Blood Curse of the Exorcist
At 15th level, you hone your hemocraft to tear corruption from the minds and bodies of your allies—and to punish those responsible for it. You gain the Blood Curse of the Exorcist for your Blood Maledict feature. This doesn’t count against your number of blood curses known.
Rite Revival
Upon reaching 18th level, you learn to protect your fading life by reabsorbing the energy you feed to your weapons. If you have one or more crimson rites active and you are reduced to 0 hit points but don’t die outright, you can choose to have all your active crimson rites end and drop to 1 hit point instead.
Order of the Lycan
The ancient curse of lycanthropy is feared by nearly all peoples and cultures, passed through blood and seeding a host with the savage strength and hunger for violence of a wicked beast.
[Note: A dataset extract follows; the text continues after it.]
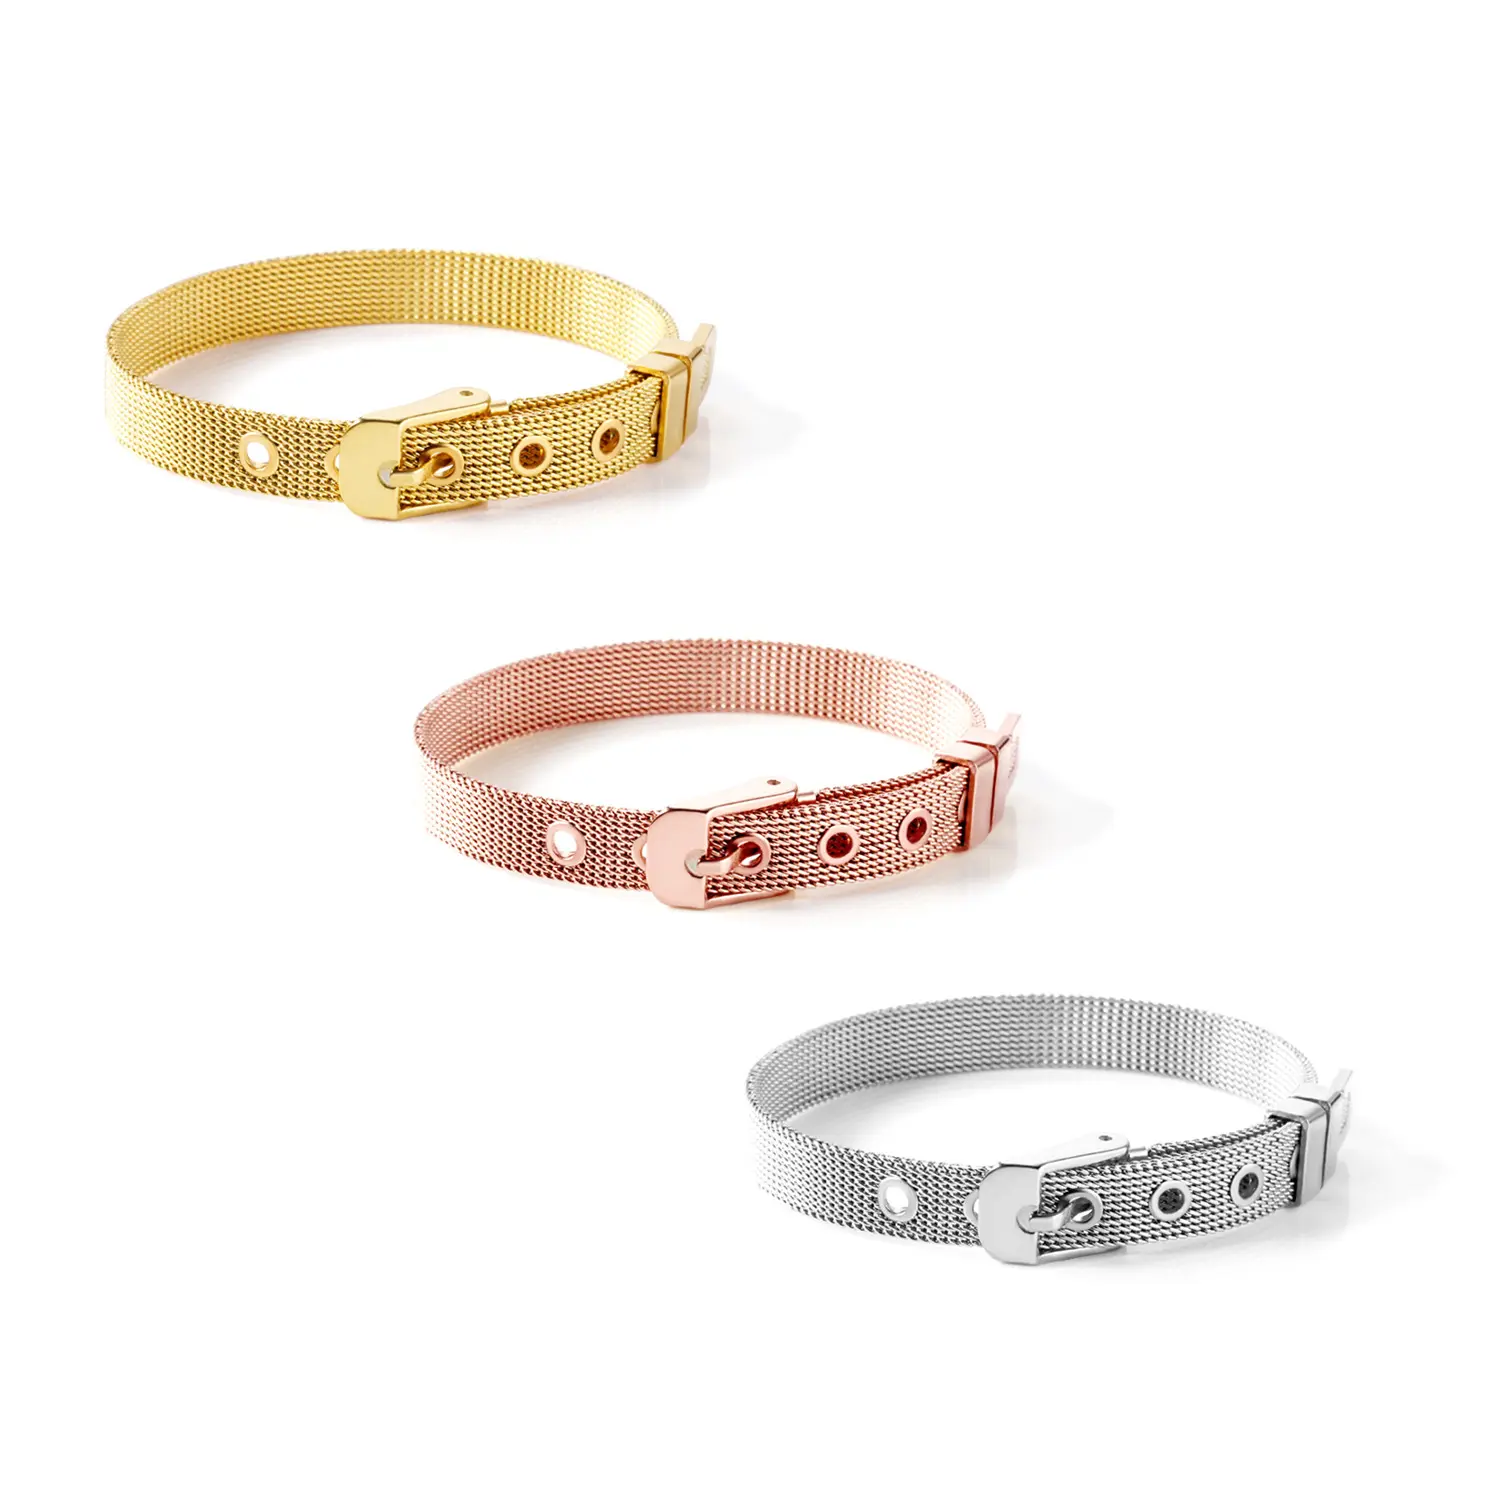 MEIZI JEWELRY Hot Sale Bracelet Electroplated Stainless Steel Watch Band Bracelet Design Ladies Bracelet Adjustable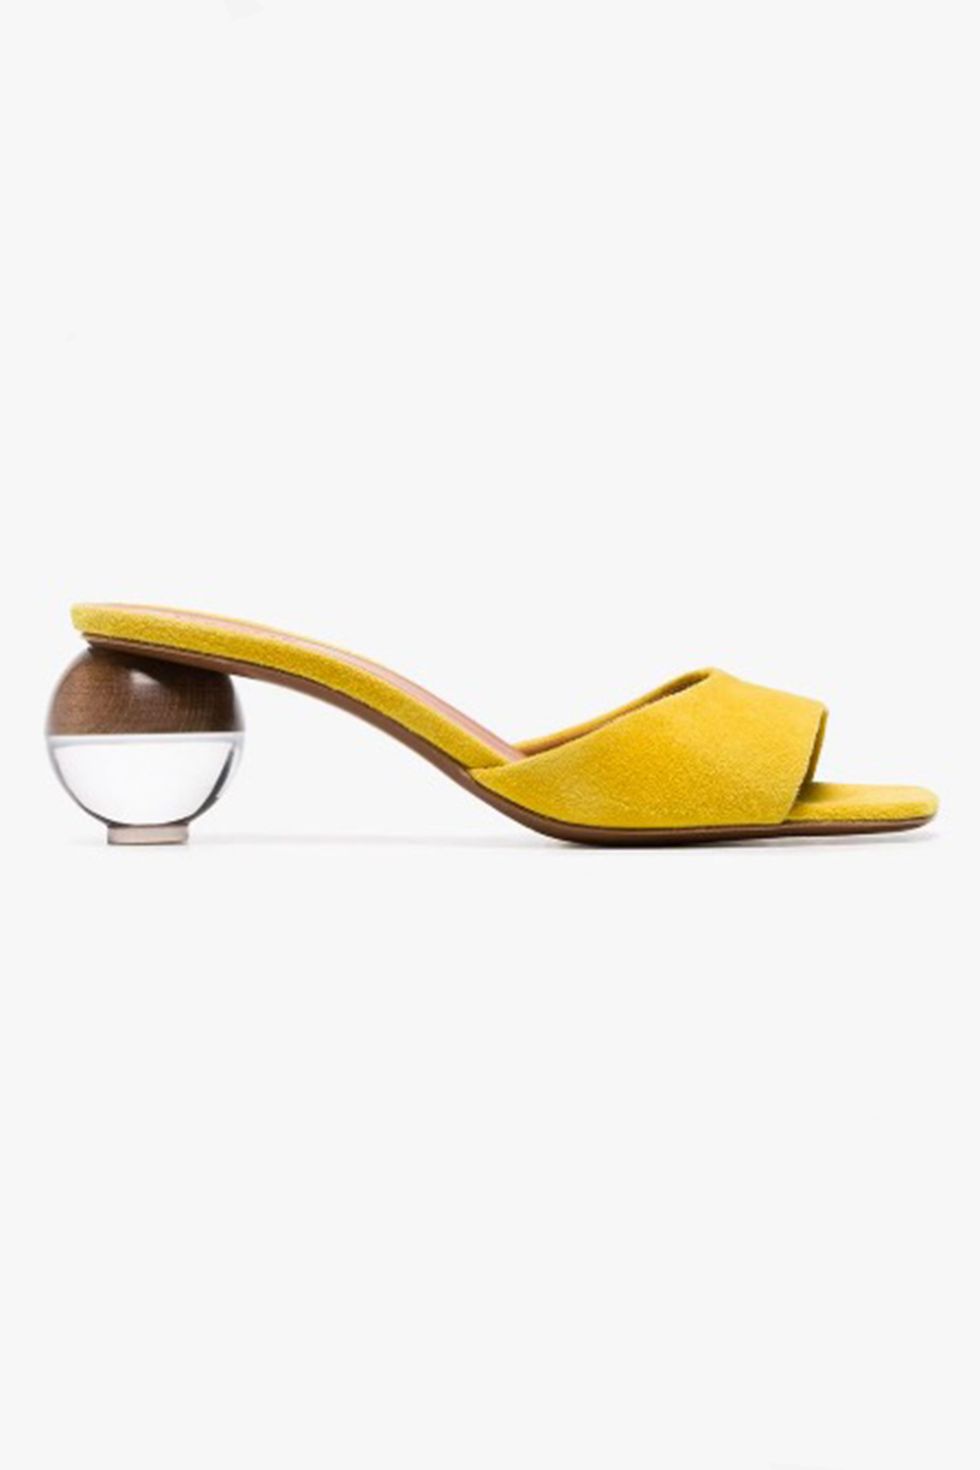 Neous shoe, sculptural heels

The Order of the Lycan is a proud group of blood hunters who undergo “the Taming”—the ceremonial infliction of lycanthropy by a senior member of the order, for those who do not already carry the curse before seeking this path. These hunters then use the magic of their blood to harness the power of the monster they harbor, without losing themselves to it. Using intense will and secret blood magic rituals, members of the Order of the Lycan learn to control and unleash their hybrid forms for short periods of time. Enhanced physical prowess, unnatural resilience, and razor-sharp claws make these warriors a terrible foe to any evil that crosses their path. Yet no training is perfect, and without care and complete focus, even the greatest of blood hunters can temporarily lose themselves to their own hunger.
The Burden of Lycanthropy
Those inducted into the Order of the Lycan choose this path with conviction, understanding the terrible weight it imposes on them and the challenges it brings. Where most afflicted by the curse of lycanthropy grow wicked, deranged, and even murderous, Lycan blood hunters accept the gifts of the beast while maintaining control through intense training and the power of their blood magic. A member of the Order of the Lycan cannot spread their curse through blood unless they wish to, and one of the most sacred oaths of this order is to never infect another creature without the order’s sanction. If a member of the Order of the Lycan is ever cured of their lycanthropic curse, it brings terrible shame to their name and the order. Members who have been cleansed against their will readily return to the order to undergo a renewed initiation of the Taming, reintroducing the curse to their bodies and restoring their honor. Lycanthropy comes in many forms bound to specific beasts, with wolf, bear, tiger, boar, and rat the best-known variations. The particular strain of the lycanthropic curse defines the physical traits that manifest in a Lycan blood hunter’s hybrid transformation, even as the benefits the curse bestows remain relatively uniform.
Heightened Senses
When you choose this archetype at 3rd level, you gain the improved senses of a natural predator. You have advantage on Wisdom (Perception) checks that rely on hearing or smell.
Hybrid Transformation
Also at 3rd level, you learn to control the lycanthropic curse that courses through your veins. As a bonus action, you transform into a special hybrid form for up to 1 hour. You can speak, use equipment, and wear armor while in this form, and can revert to your normal form as a bonus action. You automatically revert to your normal form if you fall unconscious or die.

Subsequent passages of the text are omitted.